Mortality of pulmonary artery banding in the current era: recent mortality of PA banding

^a Cardiothoracic Surgery, Tokyo University Hospital, Tokyo, Japan
^b Division of Cardiovascular Surgery and Pediatric Cardiology, National Children’s Hospital, Tokyo, Japan

* Address reprint requests to Dr Takayama, Department of Cardiothoracic Surgery, Tokyo University Hospital, 7-3-1 Hongo, Bunkyo-ku, Tokyo 113-8655, Japan.
e-mail: hirofu2{at}hotmail.com

Presented at the Thirty-eighth Annual Meeting of The Society of Thoracic Surgeons, Fort Lauderdale, FL, Jan 28–30, 2002.

	Abstract

Top Abstract Introduction Patients and methods Results Comment Acknowledgments Discussion References

 
BACKGROUND: The mortality of pulmonary artery banding improved significantly in the 1980s. However, we lack information on this procedure in the current era.

METHODS: The results of pulmonary artery banding in 365 patients who had operations between 1966 and 2001 were reviewed. The patients were divided into three groups: (1) group 1 patients who had operations between 1966 and 1979, (2) group 2 patients who had operations between 1980 and 1989, and (3) group 3 patients who had operations between 1990 and 2001.

RESULTS: Significantly younger and smaller patients have been operated on recently (mean age: group 1, 169.0 ± 40 days; group 2, 101.8 ± 11 days; and group 3, 69.7 ± 8.9 days; and mean weight: 4.6 ± 0.1, 4.1 ± 0.1, and 3.2 ± 0.1 kg, respectively). A decrease was found in the number of simple cardiac anomalies, such as isolated ventricular septal defects. The early mortality in the three groups was 38.3% for group 1 (65 of 187), 13.5% for group 2 (15 of 111), and 13.8% for group 3 (12 of 87). Although the mortality did not vary significantly between groups 2 and 3, it improved over time in patients weighing less than 3 kg. Multivariate analysis of group 3 demonstrated that no isolated variable, including sex, weight, and diagnosis was a significant risk factor.

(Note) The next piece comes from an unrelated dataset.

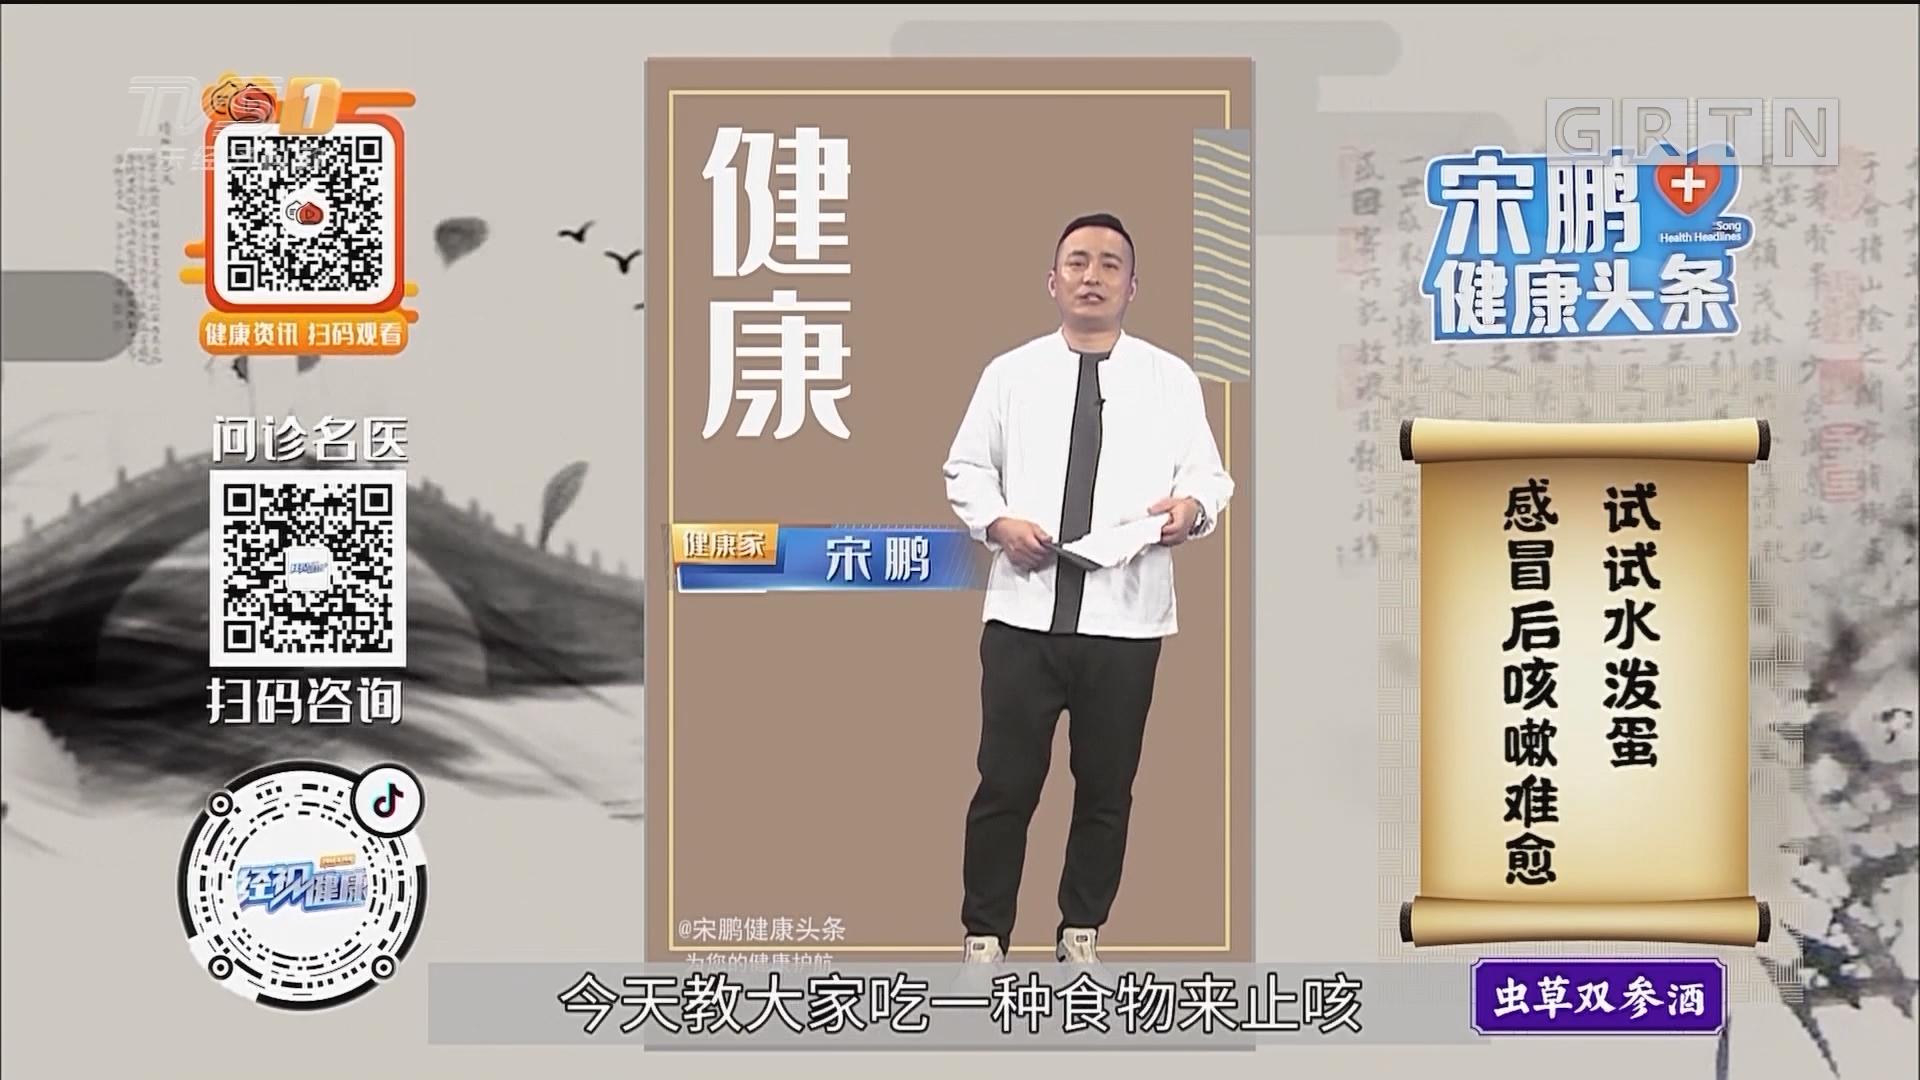 [HD][2019-09-02]经视健康+:宋鹏健康头条:感冒后咳嗽难愈 试试水泼蛋

CONCLUSIONS: Despite the advances in perioperative management, we found no improvement in the early mortality of pulmonary artery banding during the last decade. These results will support the preference for primary repair of intracardiac anomalies in small infants. However, this operation can now be performed with the same risk even in smaller patients. We believe that pulmonary artery banding has a role in the treatment of congenital cardiac anomalies.

	Introduction

Top Abstract Introduction Patients and methods Results Comment Acknowledgments Discussion References

 
Muller and Dammann [1] introduced pulmonary artery (PA) banding in clinical practice in 1951. Since then, this operation has been used as a palliative procedure for small infants with congenital heart defects, to be followed by definitive repair at an older age. The technical difficulty involved in primary repair and concerns regarding the use of cardiopulmonary bypass in small infants led many institutions to favor this staged approach. However, the perioperative morbidity and mortality of early primary repair has significantly improved in recent years. Many neonates and infants are now treated by primary repair with good results, and PA banding is selected as the initial operative procedure in fewer patients. However, this operation still remains the procedure of choice for a diagnostic subset of patients.

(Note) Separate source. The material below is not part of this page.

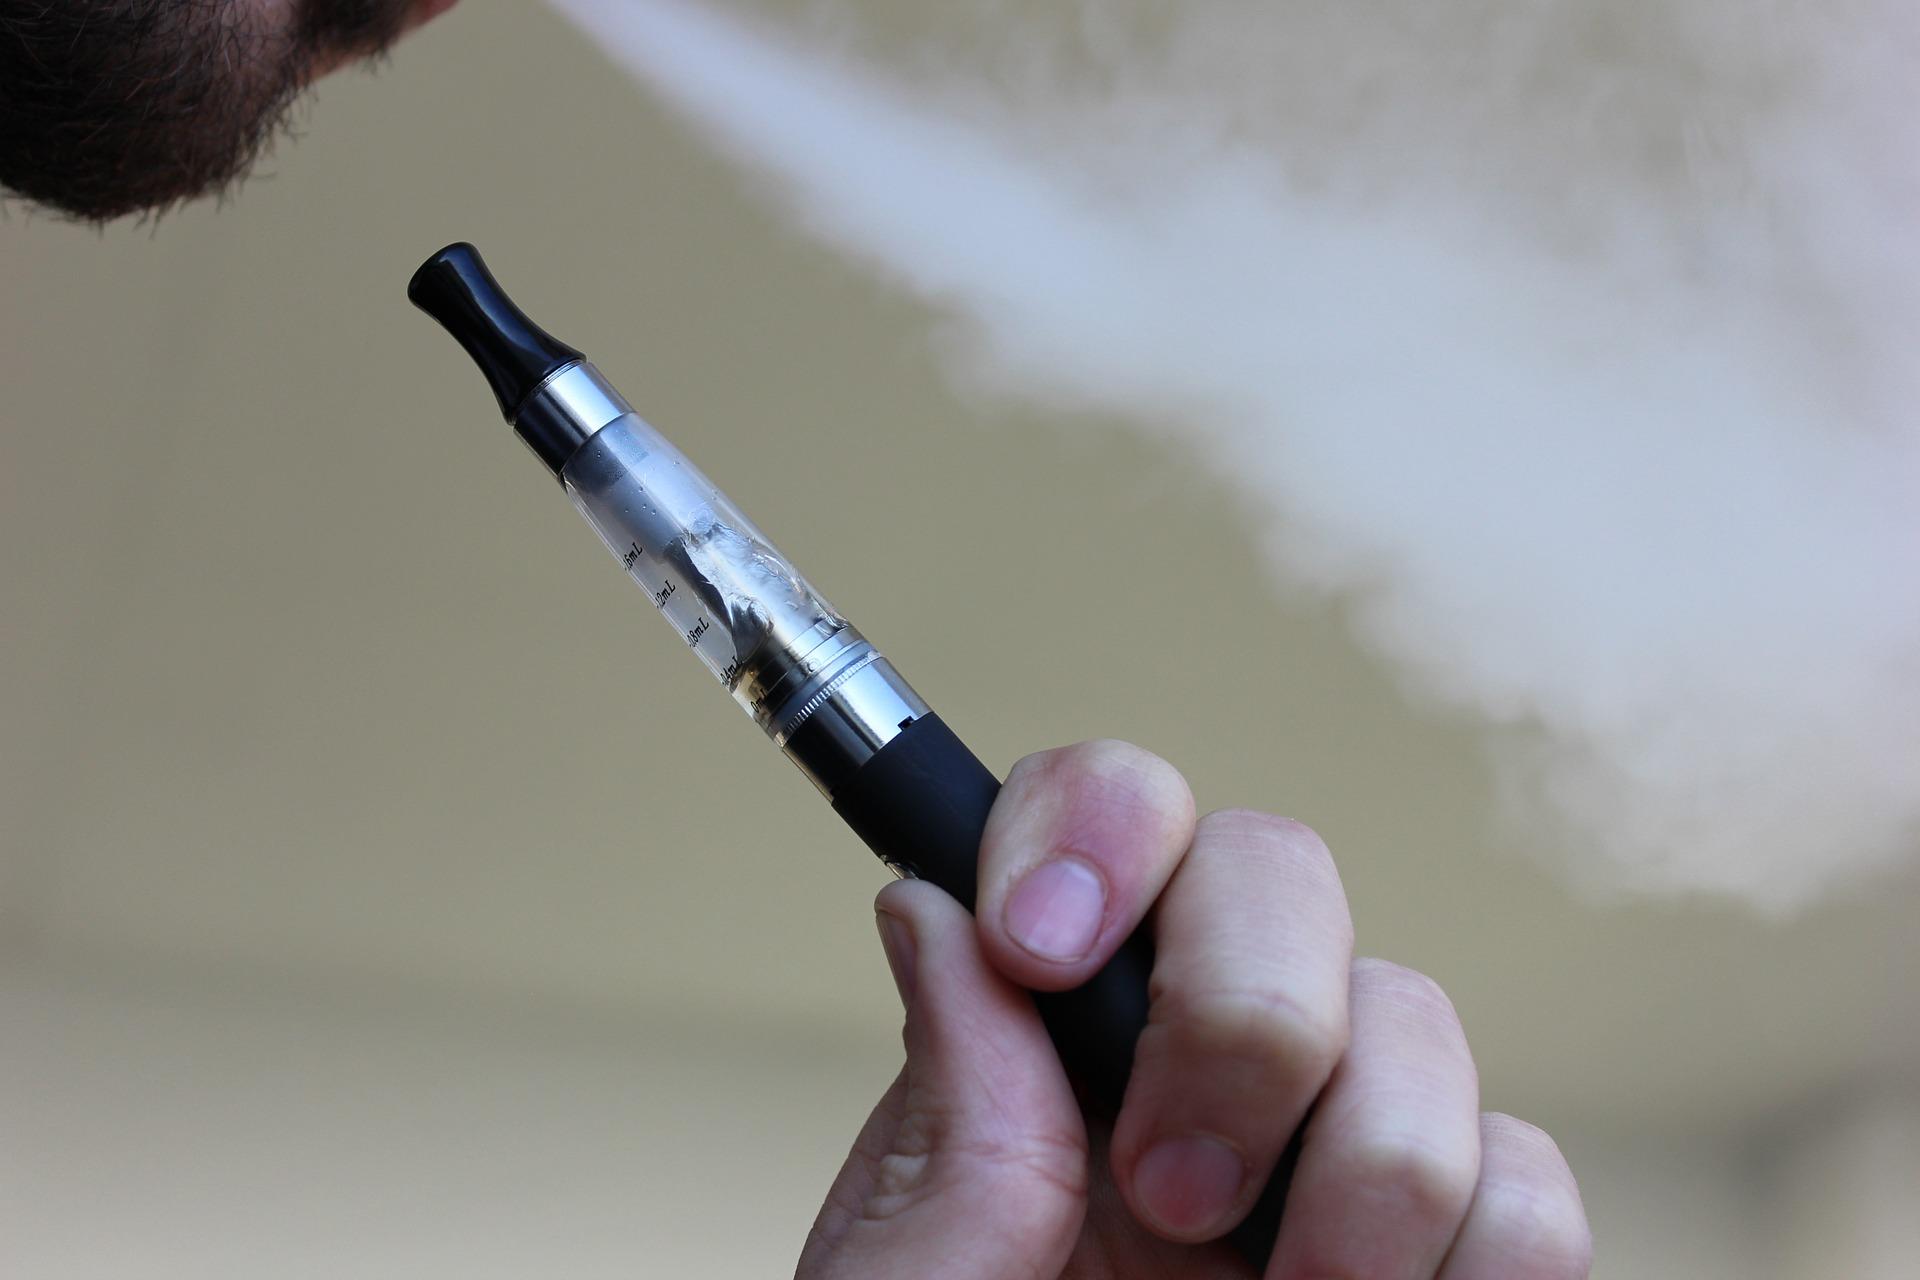 Verschiedene Zugtechniken für's Dampfen der E-Zigarette

The mortality of PA banding improved dramatically in the 1980s. The reported mortality rate decreased from approximately 30% before 1980 to approximately 10% during the 1980s [2–6]. With advances in cardiac operations, the results of PA banding should have improved further in the 1990s. However, there are no data to support such an assumption, partly because PA banding has a smaller role now in the surgical treatment of congenital cardiac defects.

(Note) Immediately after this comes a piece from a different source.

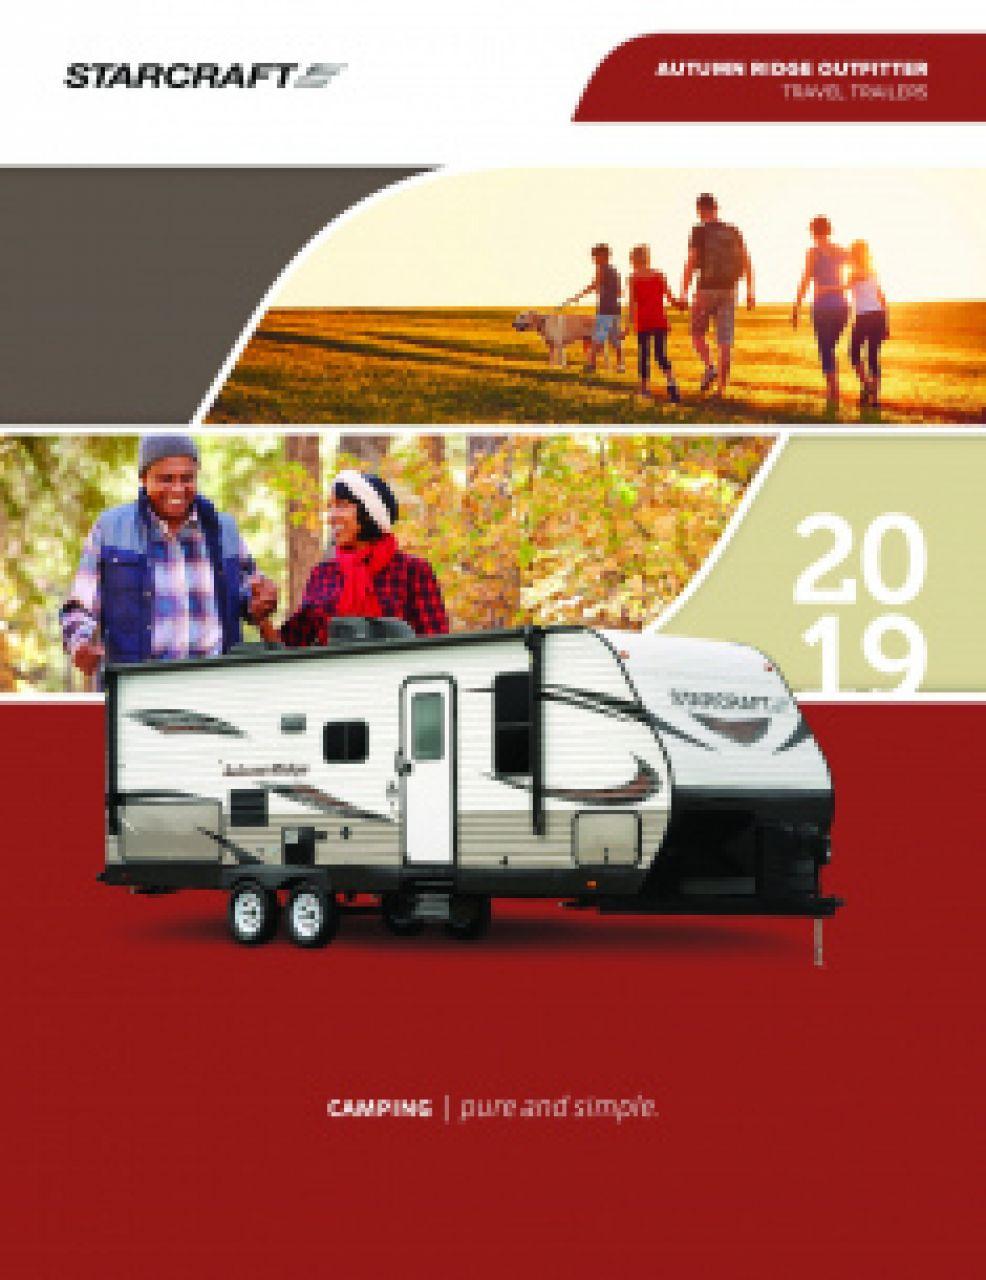 autumnridgeoutfitter-2019-broch-lsrv-001-pdf

PA banding has been performed at the National Children’s Hospital, Tokyo, since 1966. In the present study, we review our 36-year experience with PA banding to describe the current results and risks of the operation.

	Patients and methods

Top Abstract Introduction Patients and methods Results Comment Acknowledgments Discussion References

 
Patient population
From March 1966 through May 2001, 365 patients underwent PA banding at the National Children’s Hospital, Tokyo. The clinic and hospital records of these patients were retrospectively reviewed.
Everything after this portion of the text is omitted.